©2017 Kehrer Verlag Heidelberg Berlin, Jessica Backhaus, and authors [and translators!] ISBN 978-3-86828-806-3
Shifting Clouds, by Rémi Coignet
From French!
Where do I start? When Jessica Backhaus showed me her new series Shifting Clouds, I was seduced right away by the beauty of the images and the coherence of the whole. She proposed that I write a text on this subject and it took me mere moments to decide. It was a challenge for me, a person who has maintained for years (wrongly, no doubt) that beauty is aware of itself but does not self-analyze. The consequence of this presupposition is that I write mainly on works that are a lot more “documentary” (the quote marks are indispensable here) than Jessica’s work is. Without doubt, Shifting Clouds, like the whole of her oeuvre, ought to convince us to leave this term to gather dust on the shelves of photography criticism. All photography is documentary, from the folded papers of Backhaus, to war photography, via the chemigrams of Pierre Cordier. Every photo has something real for a referent: a scrunched-up piece of paper, a battle, or a chemical reaction.
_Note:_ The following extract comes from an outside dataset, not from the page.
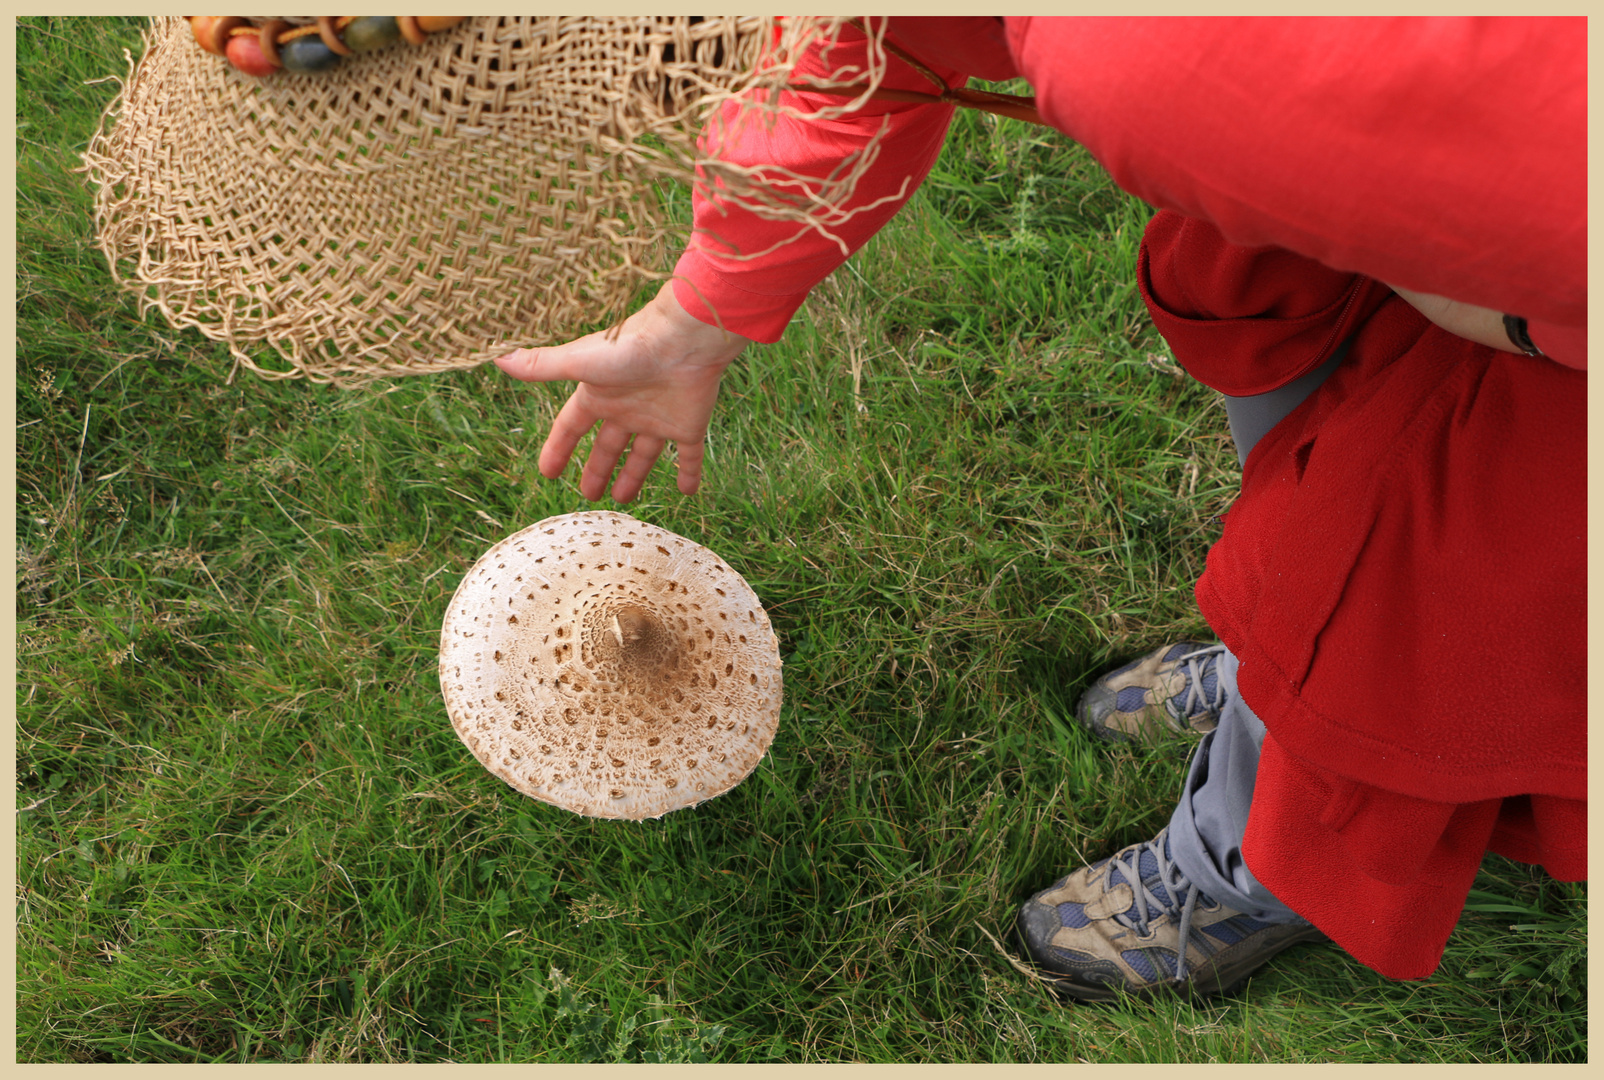 Lynn with big mushroom

The determining aspect, for me, of Jessica Backhaus’s work, and of Shifting Clouds in particular, is decontextualization. 99% of photos have a context. To take two Parisian examples, Dovima with Elephants by Richard Avedon has the Winter Circus and Harper’s Bazaar as its context; The Kiss by Robert Doisneau, the square outside City Hall, Paris of the 1950s. Publicity pack shots, one could object, elude context. But in fact, they do not: they are conditioned by their period of production and by brand placement, mass market, or elitist product, for example.
(… …)
Two more motifs, equally essential, are characteristic of Shifting Clouds: the fold, recognized by Gilles Deleuze as being central to the philosophy of Leibniz, and the run-out. The one doubtless being the antithesis of the other. Jessica Backhaus soaks scraps of paper in watercolor and then observes the interaction of the paper, pigments, and water. In these two elements it is necessary to see, it seems to me, a desire to testify to complexity. The fold corresponds to stacking: of knowledge, of codes, of the multiple elements that shape our lives, and the run-out to the simultaneous porosity of these same elements.
Decontextualization is revealed as a tool that allows Jessica Backhaus to “document”, to bring into play, through the minimalist use of three simple figures—the circle, the fold, and the run-out—concepts that traverse art history: perfection, accumulation, and dispersion.